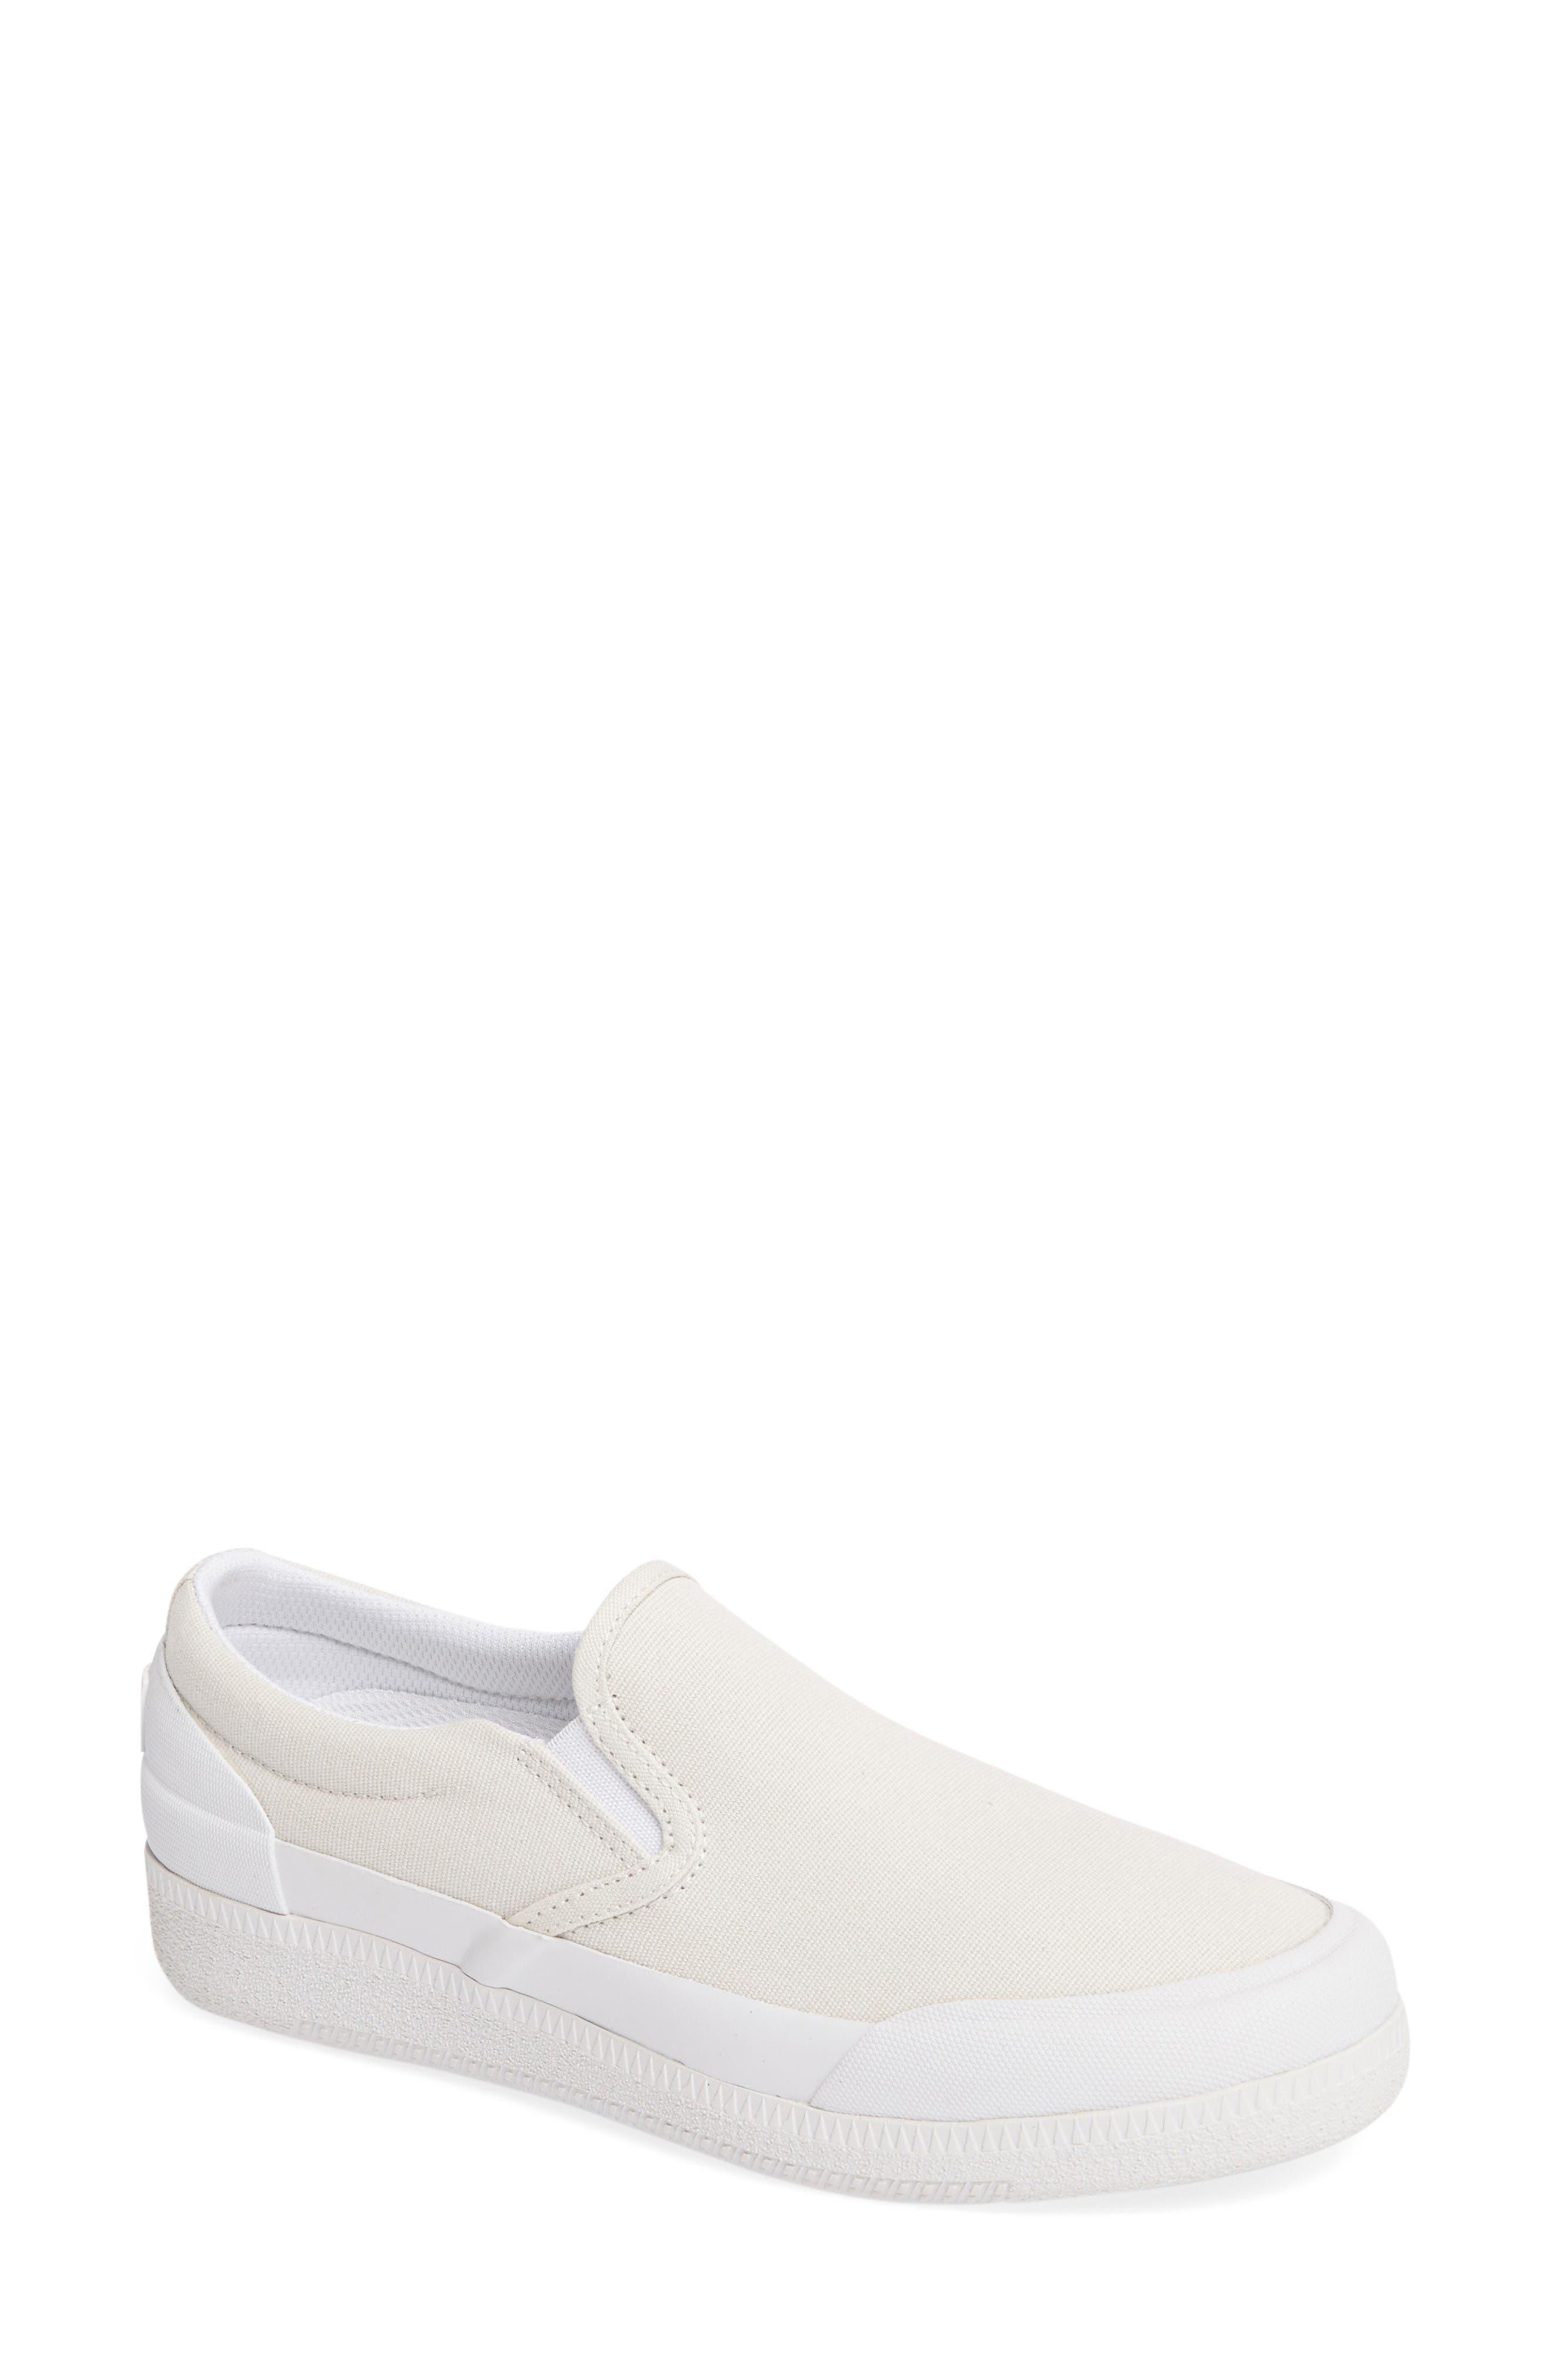 Hunter Original Waterproof Slip-On Sneaker (Women)
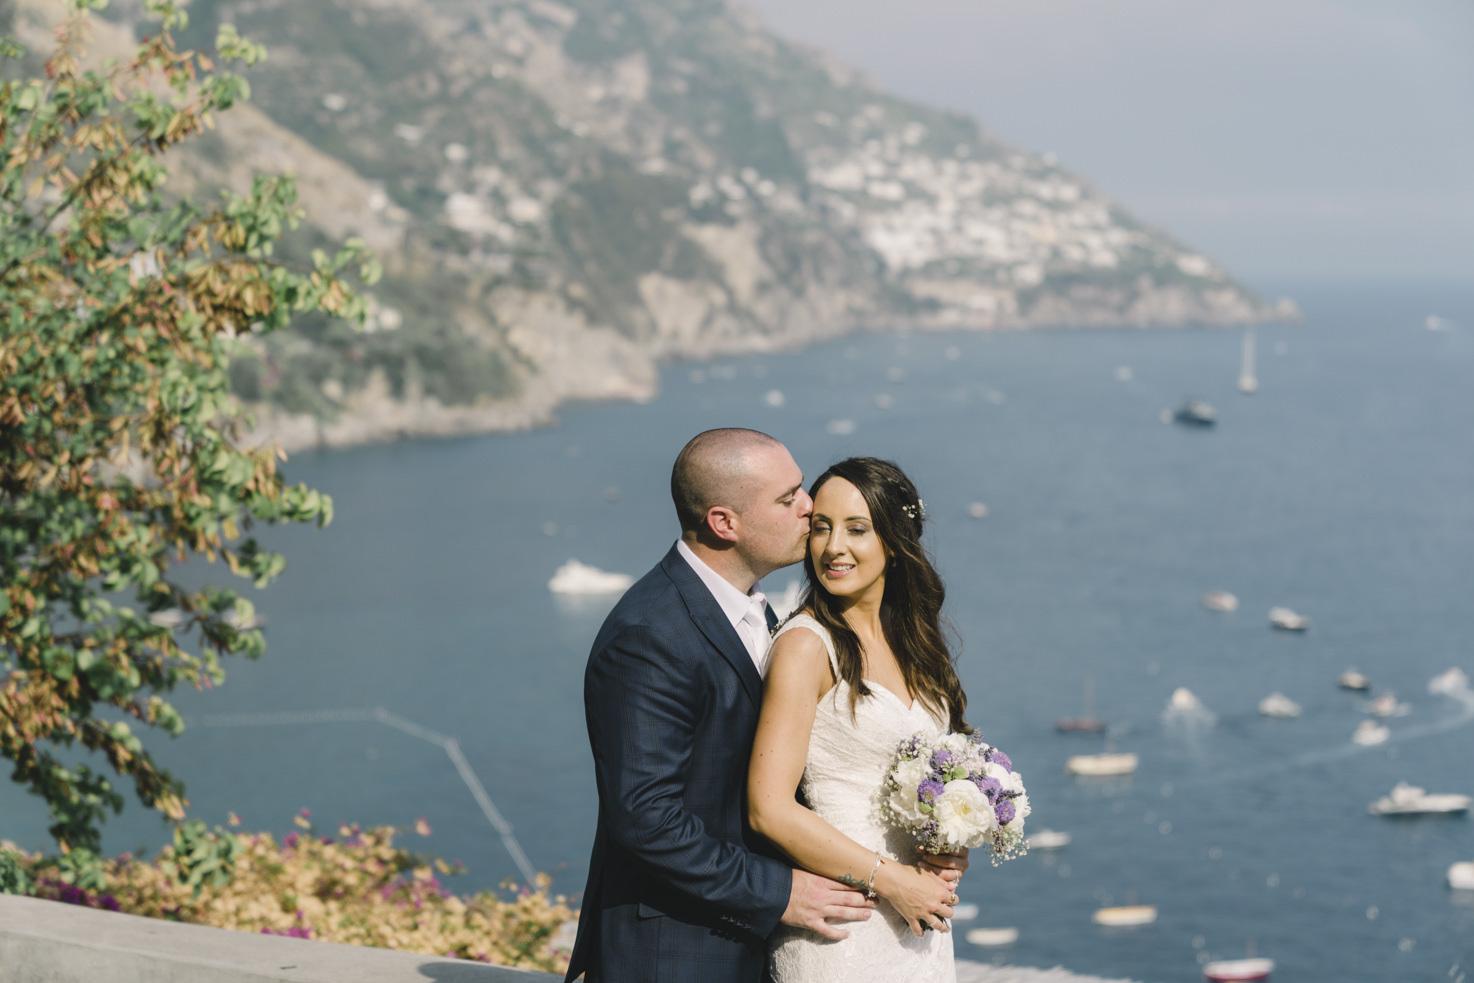 Newlyweds in Positano
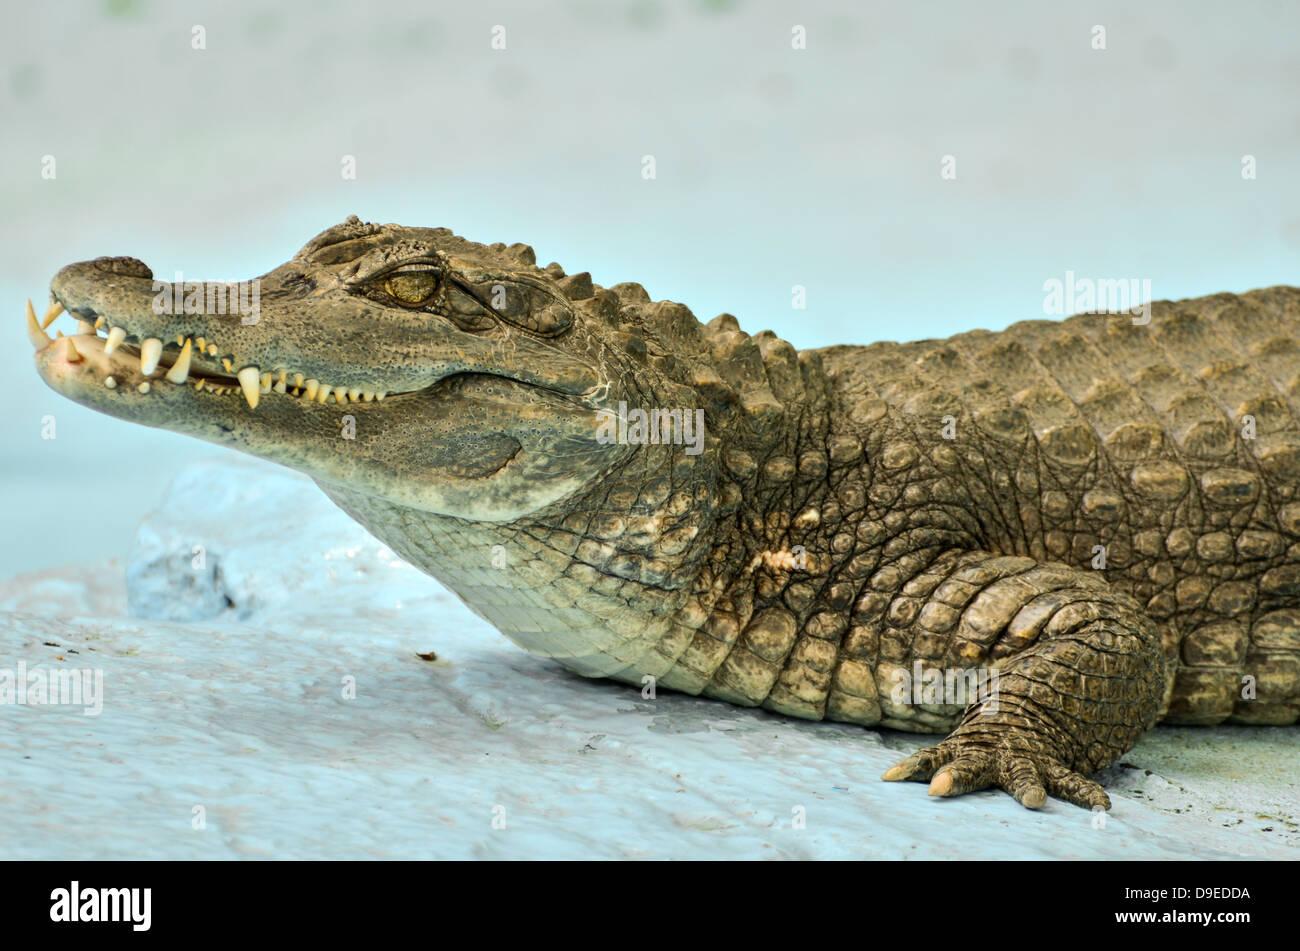 e7b125855990 Small Cayman crocodile Stock Photo  57480902 - Alamy

◆ **Exercise objective**
Retype the data word for word and keep the pictures out of it.

◆ **Answer for the task**
 Hunter Original Waterproof Slip-On Sneaker (Women)
 Newlyweds in Positano
 e7b125855990 Small Cayman crocodile Stock Photo  57480902 - Alamy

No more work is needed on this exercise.